### Exercise description
Print out all of the records exactly; no picture belongs in the result.

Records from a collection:
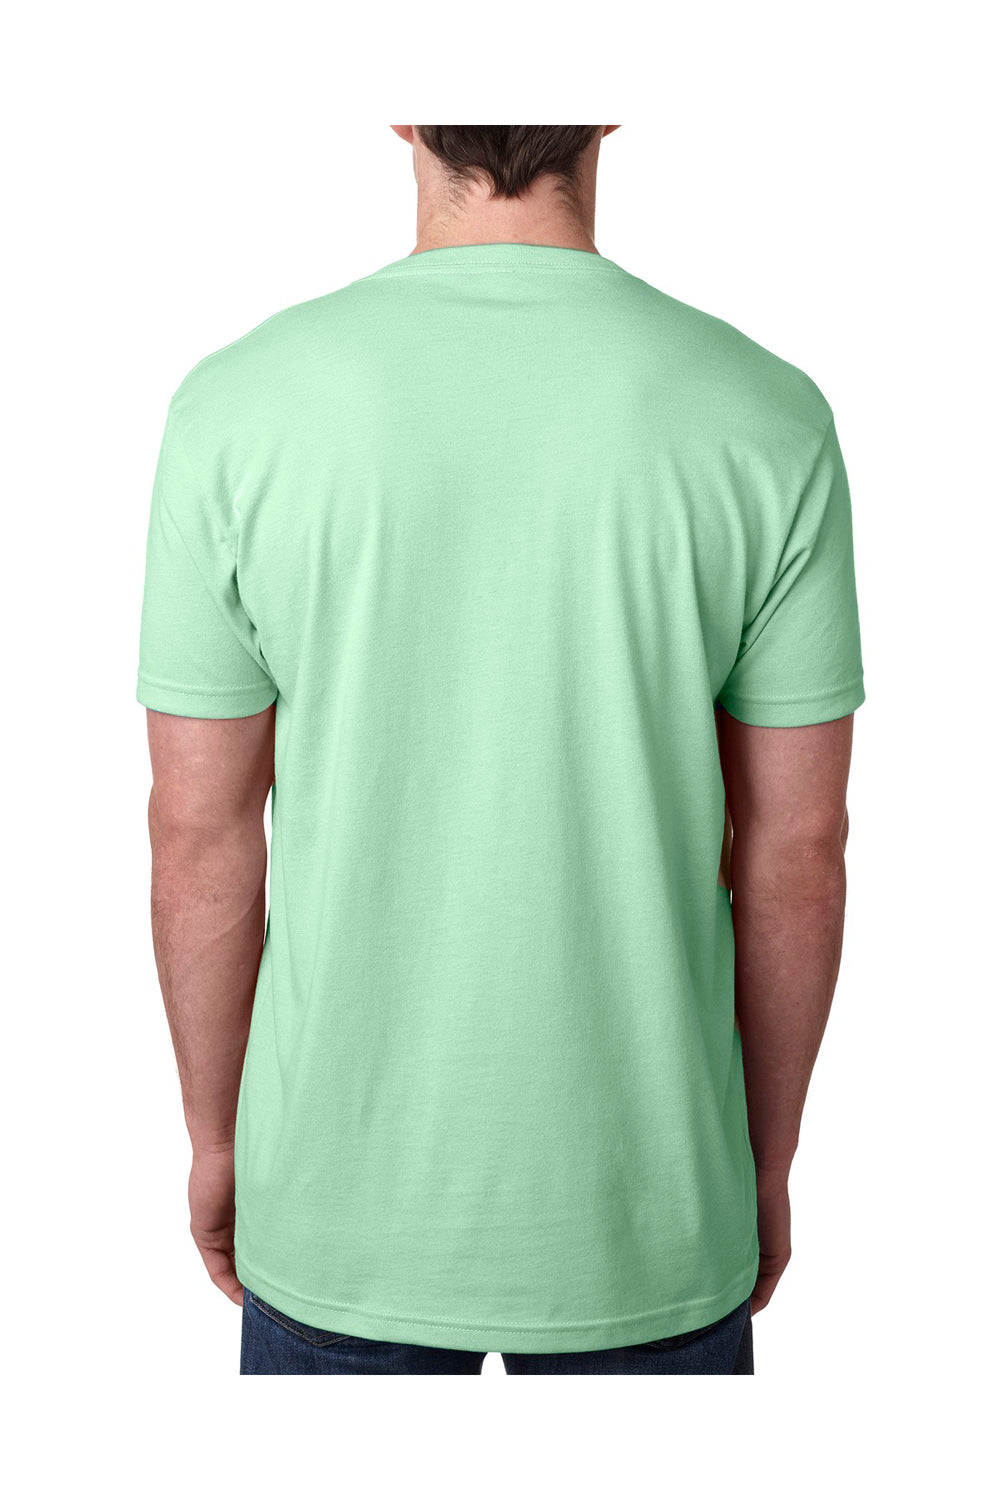 Next Level 6240 Mens CVC Jersey Short Sleeve V-Neck T-Shirt Mint Green Back
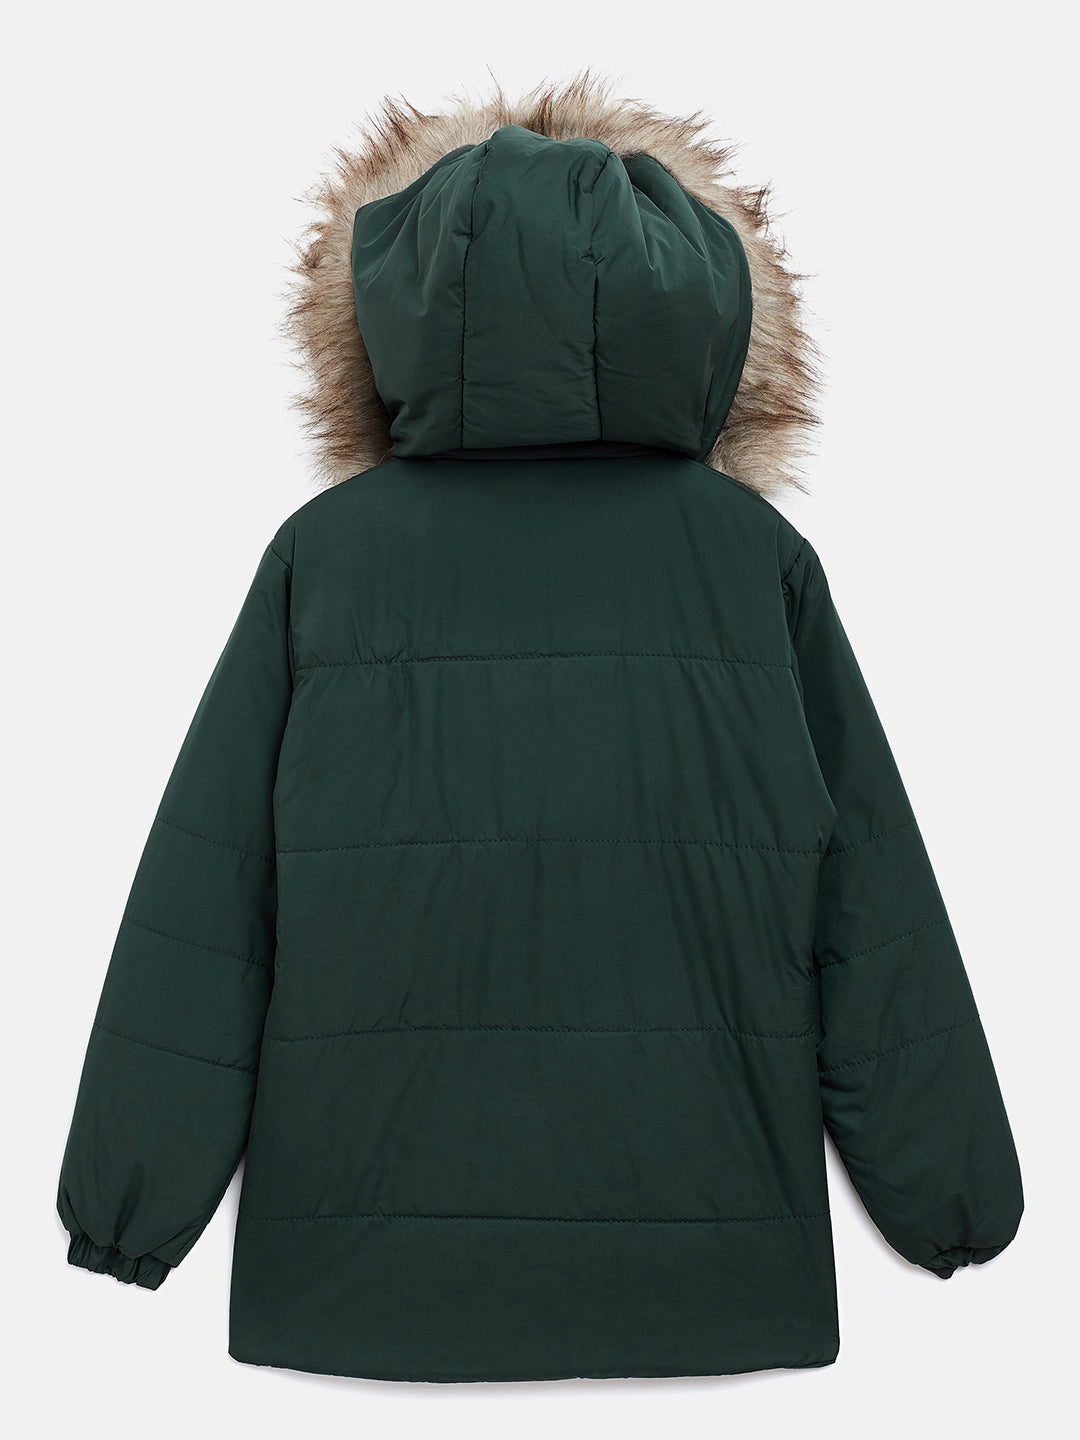 Green Detachable Hood Jacket - Girls Jackets
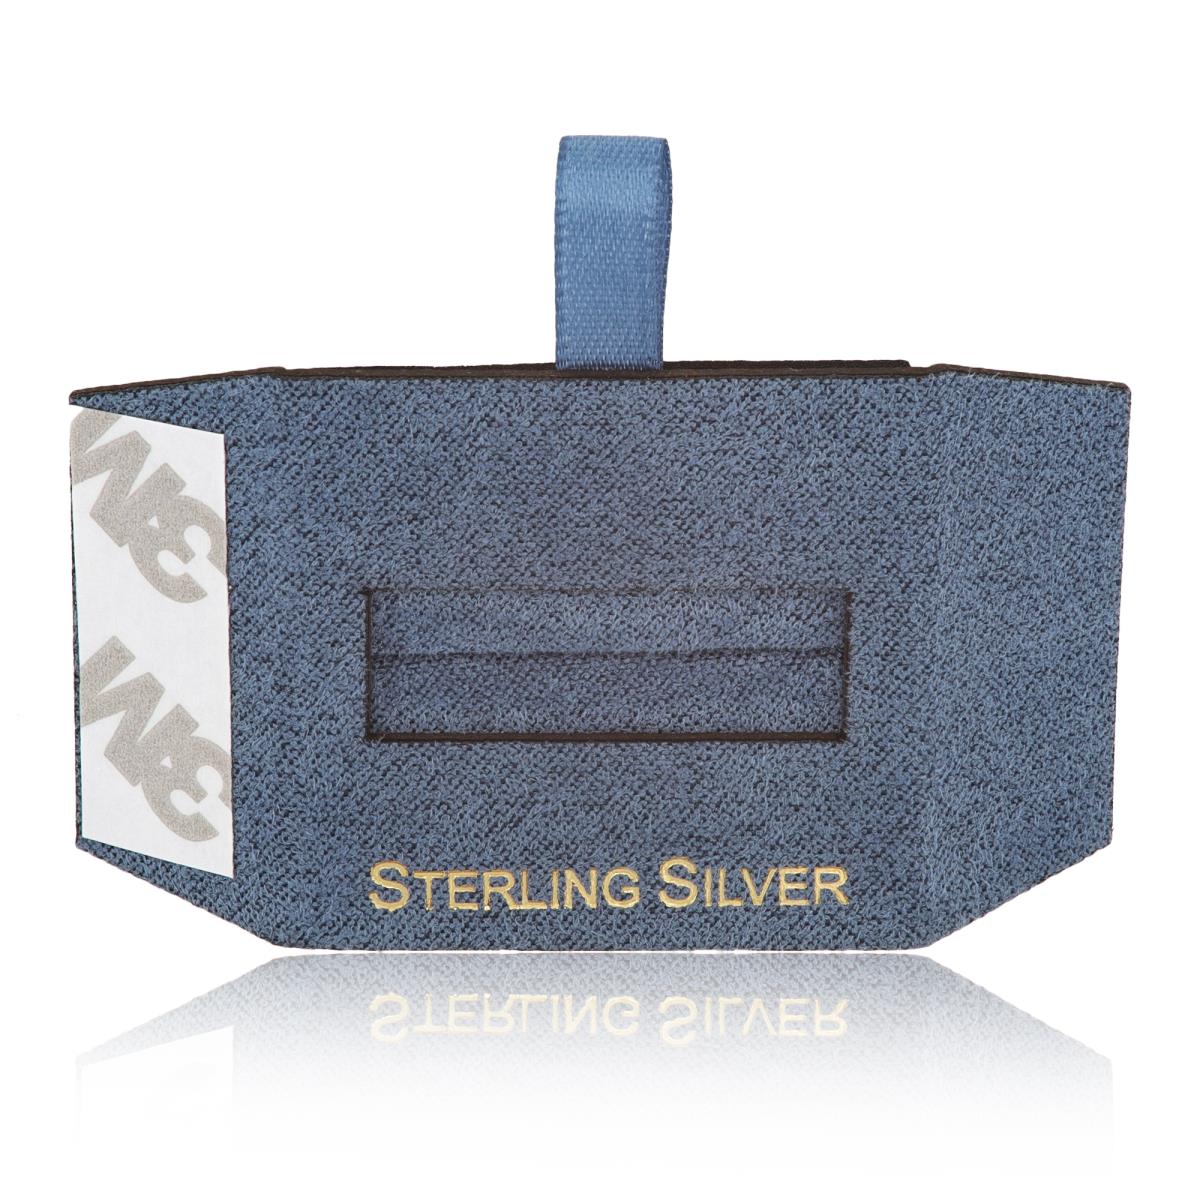 Gray Sterling Silver, Gold Foil Ring Insert (Box B06-159/Gray/D)
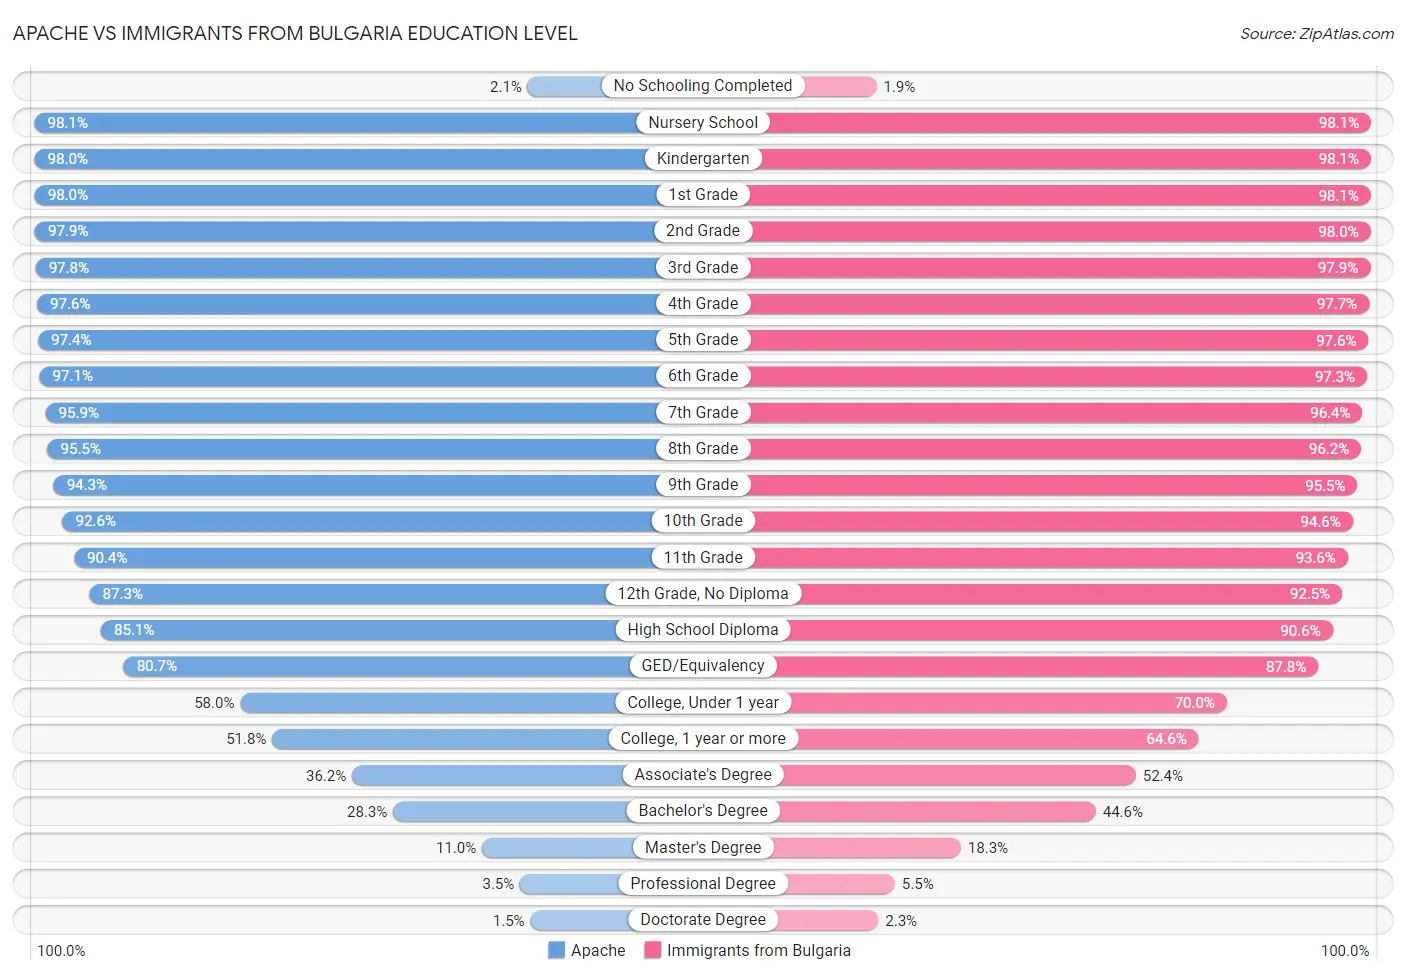 Apache vs Immigrants from Bulgaria Education Level
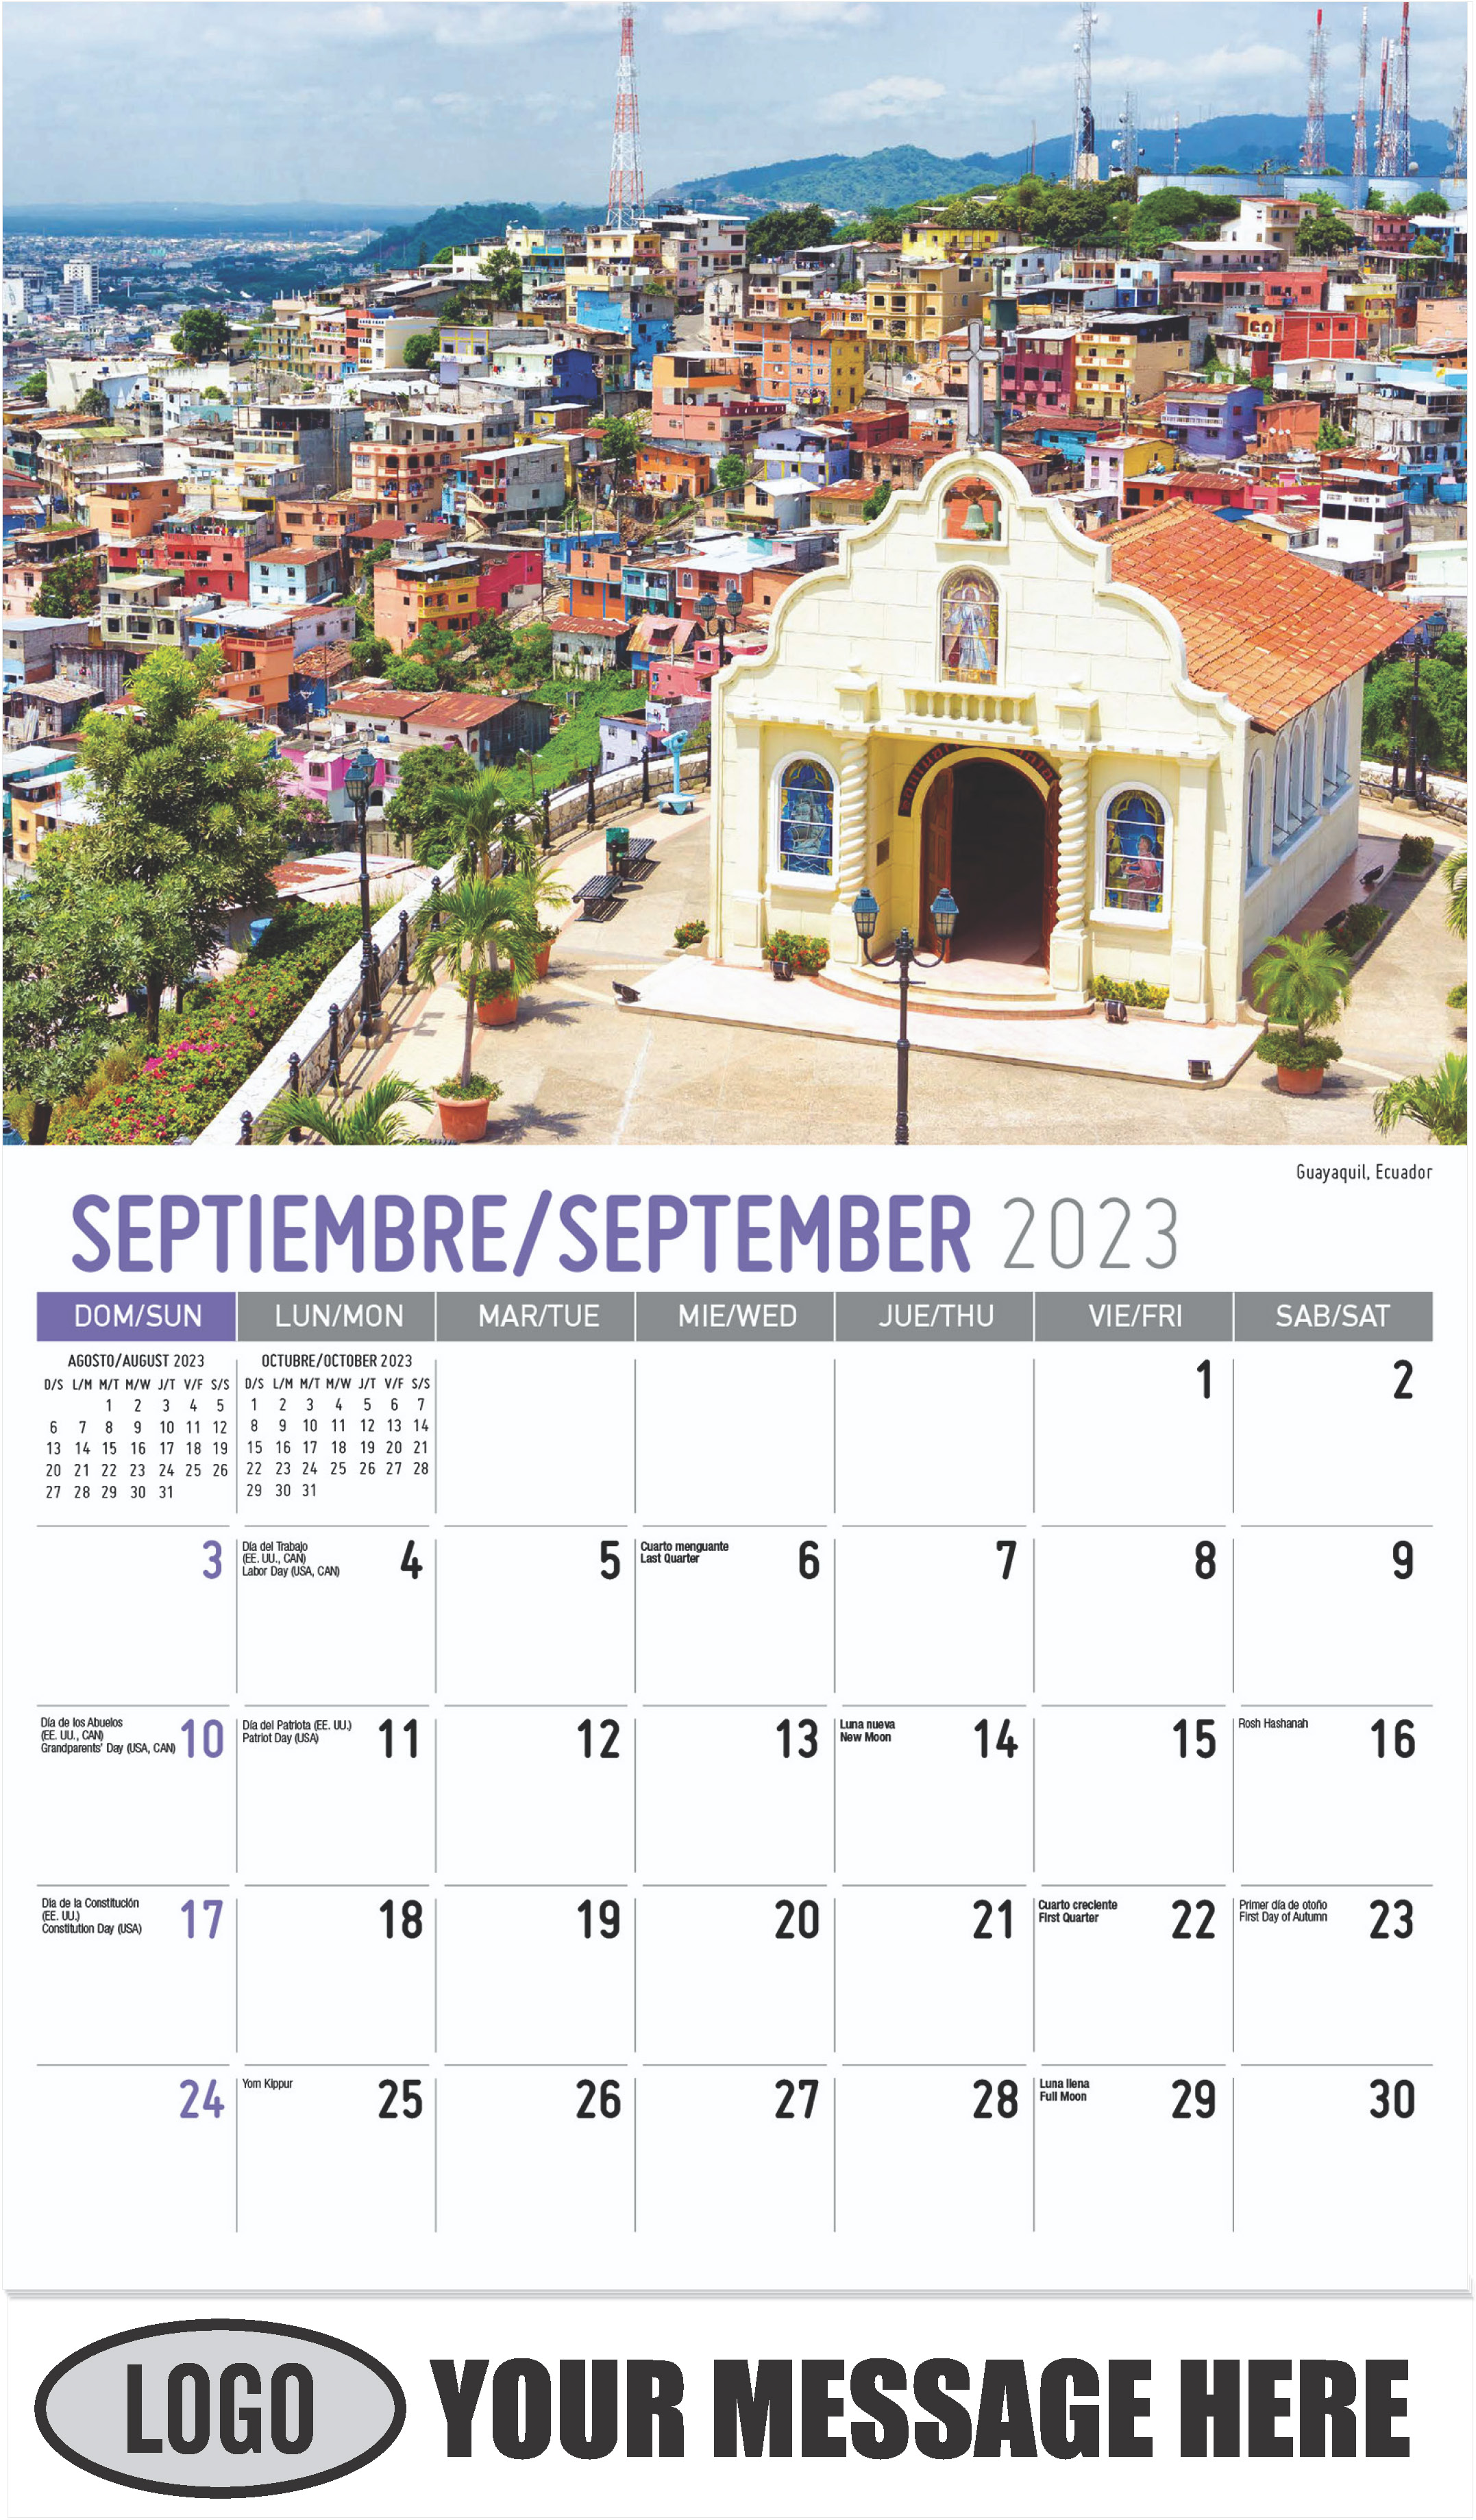 Guayaquil, Equador - September - Beauty of Latin America 2023 Promotional Calendar

### Response for this exercise
 Next Level 6240 Mens CVC Jersey Short Sleeve V-Neck T-Shirt Mint Green Back
 Green Detachable Hood Jacket - Girls Jackets
 Gray Sterling Silver, Gold Foil Ring Insert (Box B06-159/Gray/D)
 Apache vs Immigrants from Bulgaria Education Level
 Guayaquil, Equador - September - Beauty of Latin America 2023 Promotional Calendar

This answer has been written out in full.